İsrail’in Gazze Şeridi’ne yönelik saldırıları, 7 Ekim 2023’te başladığından bu yana devam ediyor. Son olarak, 17 gündür süregeldiği ifade edilen yoğun saldırılar içinde, Gazze’nin kuzeyinde yer alan Endonezya Hastanesi doğrudan hedef alındı. Gazze’deki Sağlık Bakanlığı, İsrail ordusunun hastane binasını ateşe verdiğini ve bu saldırıyı kınayan bir açıklama yaptığını duyurdu. Açıklamada, hastanelerin ve sağlık çalışanlarının korunması konusunda uluslararası kurumlara ve Birleşmiş Milletler’e çağrıda bulunuldu. Ayrıca, İsrail ordusunun Gazze’de soykırım suçu işlediğine dair vurgular yapıldı.
İsrail ordusu, Gazze Şeridi’ndeki hastaneleri birçok kez hedef alarak, bunların hizmet dışı kalmasına neden oldu. Halen aktif olan 34 hastane ile 80 sağlık merkezi, bu saldırılar sonucunda kapatıldı ve toplamda 162 sağlık kuruluşu İsrail ordusu tarafından hedef alındı. Bu durum, Gazze’deki sağlık sisteminin büyük ölçüde çökmesine yol açtı.
İsrail ordusunun 5 Ekim 2023 itibarıyla Gazze’nin kuzeyindeki Cibaliya Mülteci Kampı’na yoğun hava saldırıları düzenlemesi ve bunun ardından 6 Ekim’de kara operasyonlarına başlaması, dikkat çekici bir gelişme olarak kaydedildi. Bu saldırıların, daha önce medyaya yansıyan ve “generallerin planı” olarak bilinen strateji doğrultusunda yapıldığı düşünülüyor. Bu stratejinin amacı, Filistinlilerin Gazze’nin kuzeyinden zorla tahliye edilerek, bölgede İsrailliler için yeni yerleşim alanları oluşturulması olarak değerlendiriliyor.
İsrail Ordu Sözcüsü Avichay Adraee, 7 Ekim 2023’te sosyal medya üzerinden yaptığı paylaşımda, Gazze’nin kuzeyindeki Beyt Hanun, Cibaliya ve Beyt Lahiya bölgelerinde yaşayan Filistinlilere boşaltma çağrısında bulundu ve bunun için harita paylaştı. Filistinlilere Gazze’nin güneyindeki Mevasi bölgesine doğru hareket etmeleri önerildi. Bu haritanın, geçmişte General Giora Eiland tarafından hazırlanan ve Filistinlilerin zorla göç ettirilmesine dair “generallerin planı” ile benzerlik taşıdığı ifade edildi.
“Generaller Planı” olarak bilinen bu strateji, Filistinlileri Gazze Şeridi’nin kuzeyinden tahliye etmeyi öngörüyor.

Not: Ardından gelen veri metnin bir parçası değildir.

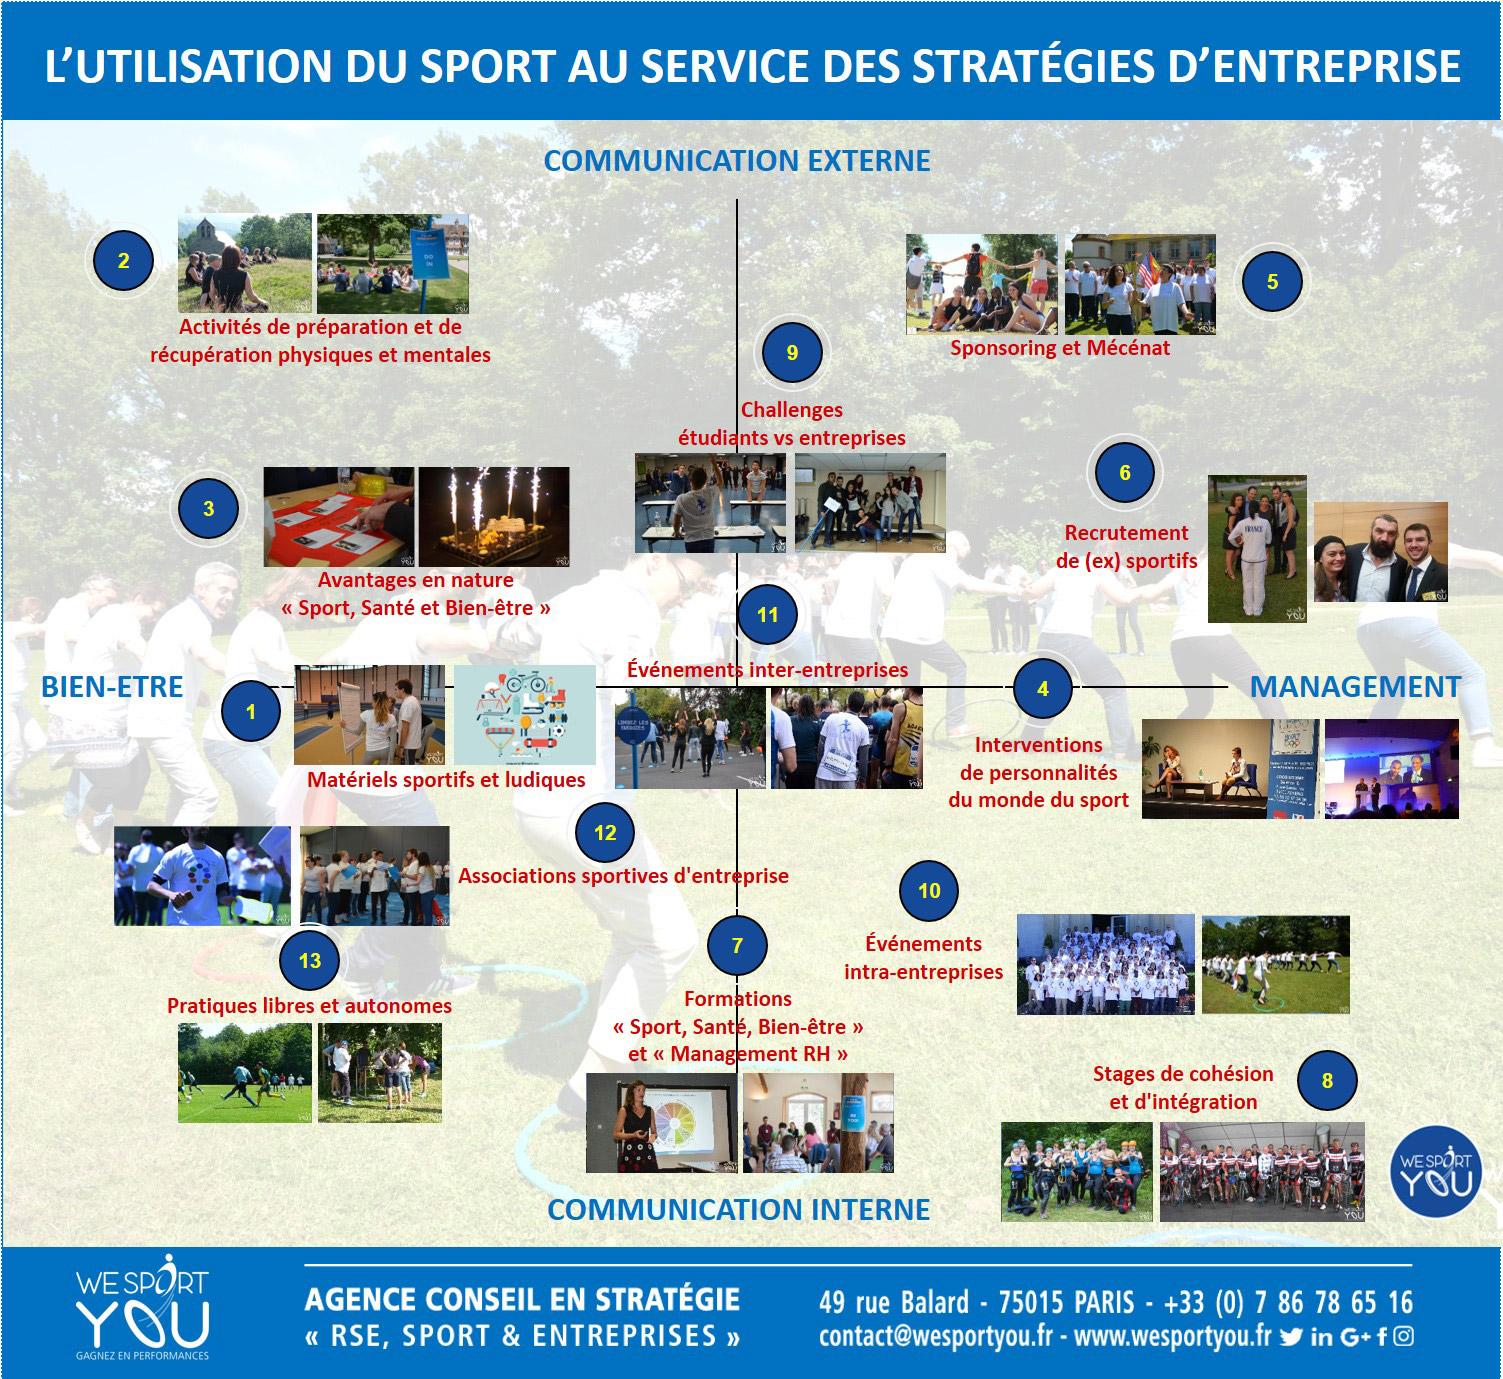 Stratégie entreprise sport & innovation

Plan, bölgede gıda, yakıt ve temiz su akışını engelleyerek, silahlı direnişçilerin “ölüm ya da teslim olma” arasında bir tercih yapmak zorunda kalmalarını, kaçamayan veya bölgeyi terk etmeyen Filistinlilerin ise “düşman unsur” olarak görülebileceğini amaçlıyor.
İsrail hükümeti, eylül ayında gündeme gelen bu plana ilişkin bir açıklama yapmamış olsa da, İsrail devlet televizyonu KAN’ın haberlerine göre, kabinenin plan üzerinde çalıştığı belirtilmişti. Bu tür adımlar, uluslararası kamuoyunda büyük bir tepkiyle karşılandı ve insani kriz boyutunun giderek derinleşmesine neden oldu.
Sonuç olarak, İsrail’in gerçekleştirdiği bu saldırılar ve uyguladığı politikalar, uluslararası arenada ciddi eleştiriler alıyor. Gazze’deki sağlık altyapısının çökmesi, halkın acil sağlık hizmetlerine erişimini engellerken, filistinlilerin yaşadığı zor koşullar, bölgedeki insani durumu daha da kötüleştiriyor. Bu bağlamda, hem sağlık hizmetlerinin korunması hem de insan hakları ihlallerine karşı uluslararası toplumun harekete geçmesi talep ediliyor.